I never felt like I needed it as much, but I think my parents actually curated a lot of this same energy and these same perspectives, and we were living and working with the women behind a lot of these same kinds of, posters and flyers and events and, legislative pushes and these pushes for childcare.
So I was always kind of in that. So I don't know, I feel like we were always designed to help other queer families because we were in a position where we had each other and we were safe, and we knew that that wasn't always the case.
Yeah, I suppose watching them navigate that kind of space, watching them deal with their own toxic friends and family, watching my own family come around knowing that if, you know, my natural tendency, which would probably be to, if that had happened to me, would be to drive back to Tasmania, well catch a boat back to Tasmania and then burn the entire island.

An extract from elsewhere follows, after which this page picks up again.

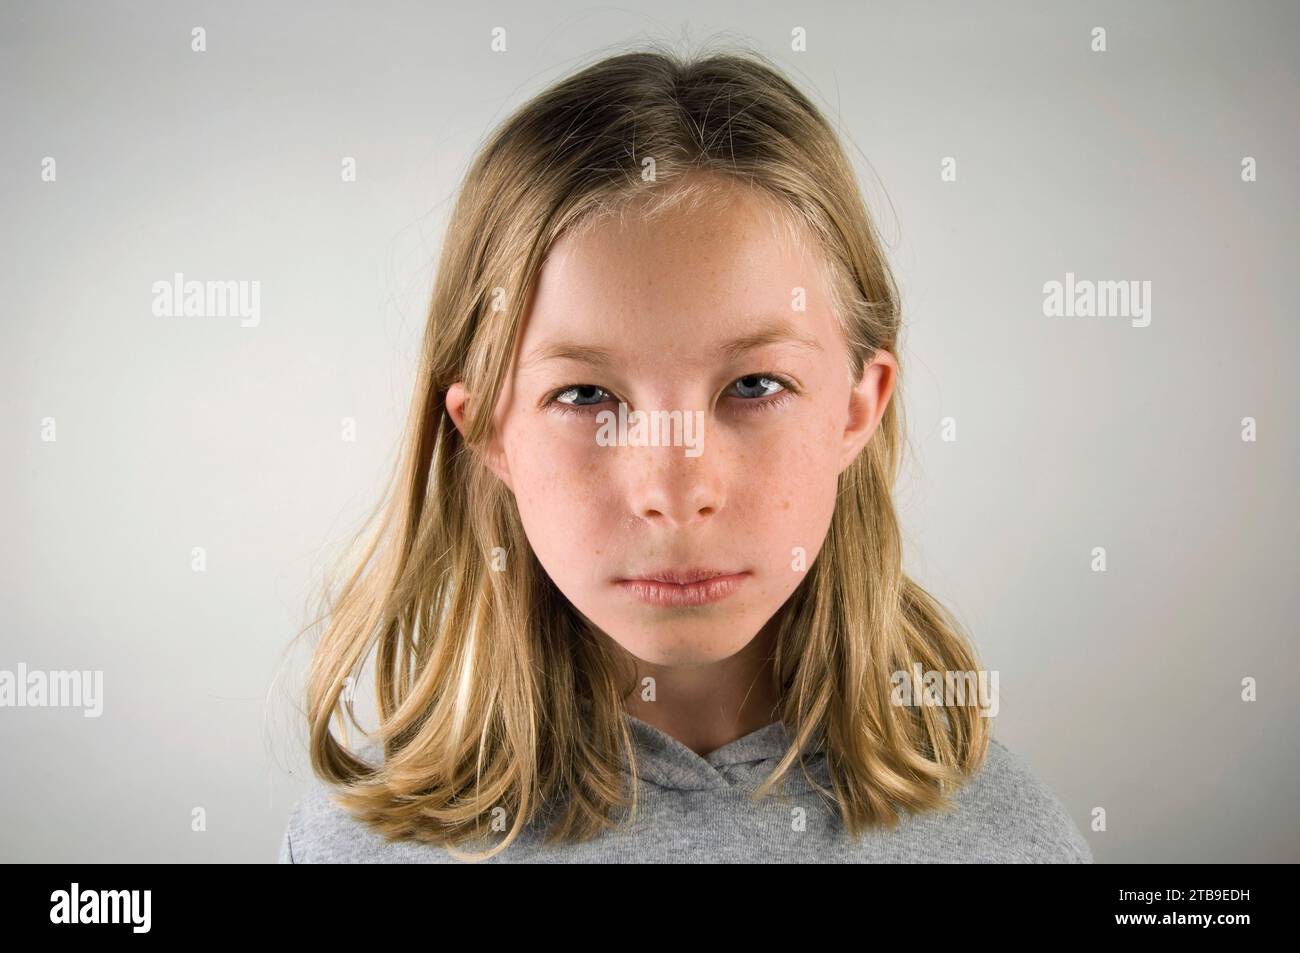 Preteen girl with a scowl on her face; Lincoln, Nebraska, United States of America. Stock Photo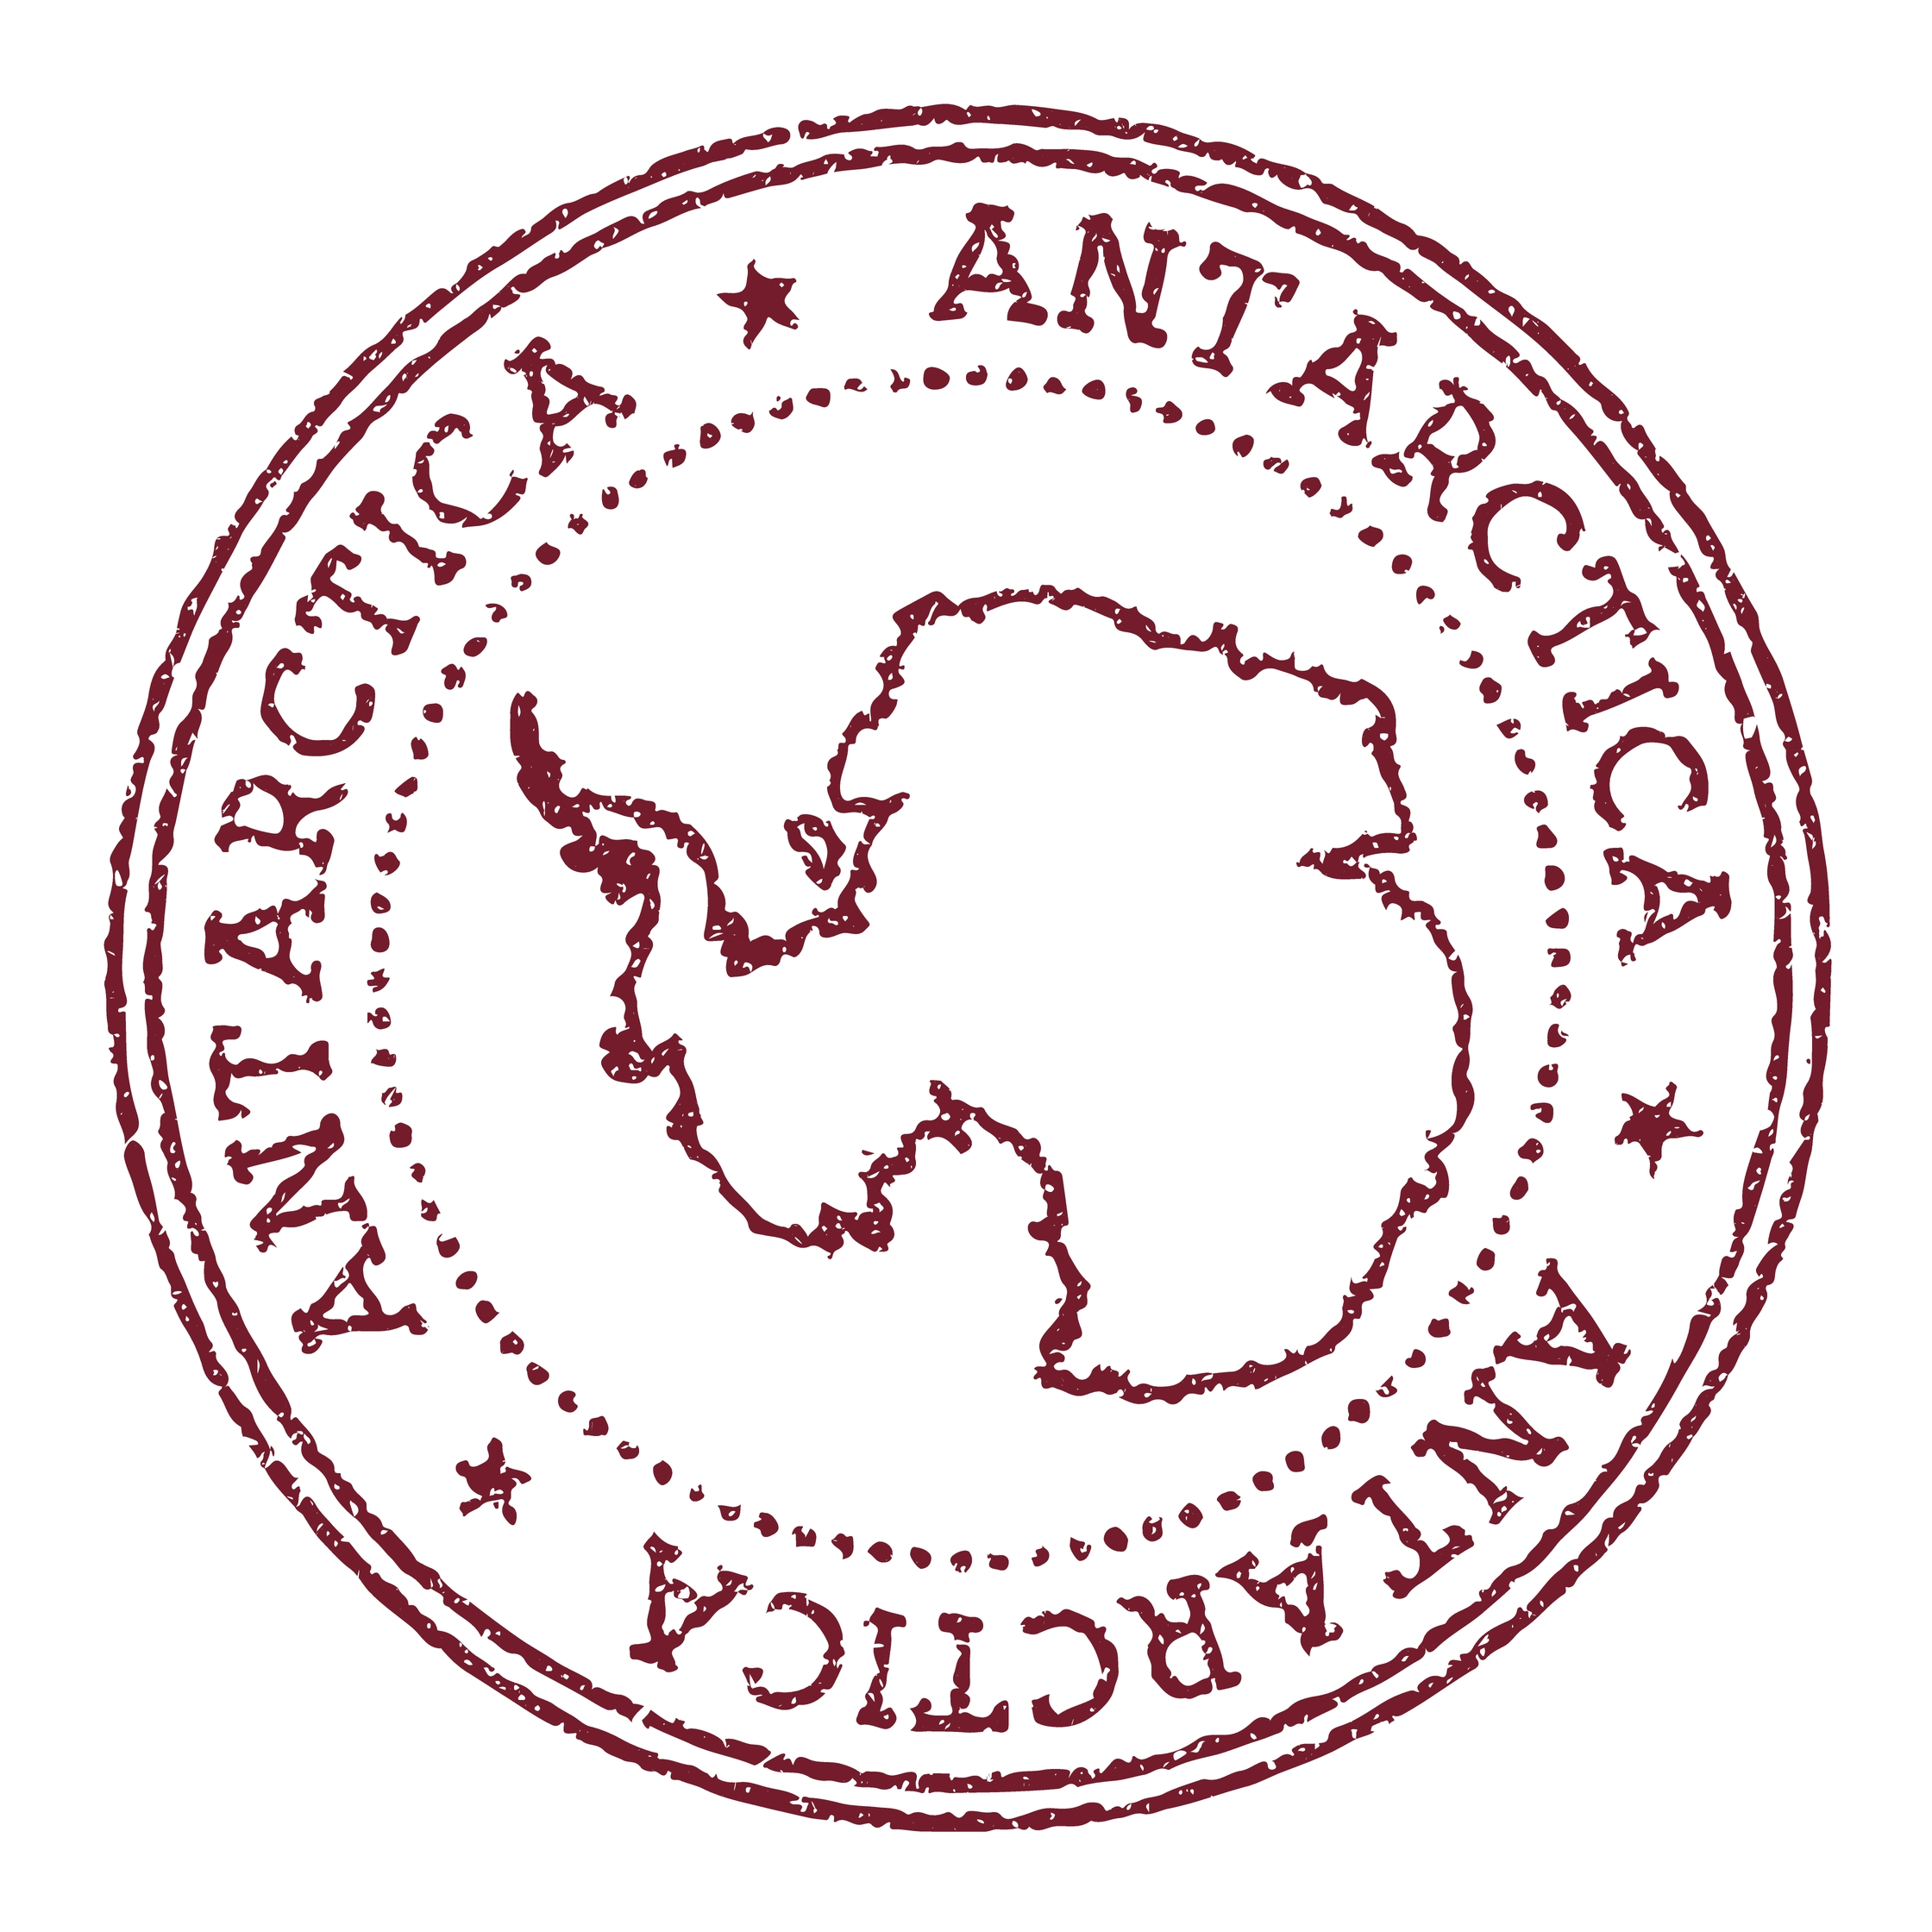 Destinations Round Rubber Postage Stamp, with an outline of the continent in the centre, and the word Antarctica written around the edge of the circle.

My mums didn't. And as a result, five, ten years later, she had her mum again. She had all of her aunties, all of my nieces and nephews and cousins and Mum's nieces and nephews looked up to her and have told her that she was the first lesbian in the family, which, you know, statistically can't possibly be true, but she was the first out person.
And so there's a whole couple of generations that, because my mum chose patience, and not that she wasn't frustrated and didn't give into anger a few times with them, but that she kept that door open even if it was just a crack, even if it was, you guys have to do a lot of work on yourselves, but do that and you can come back.
Taking people on those small and large journeys, which often feels like it comes at great cost to yourself. I suppose they taught me that sometimes you can think bigger picture and sometimes it will actually come back to you.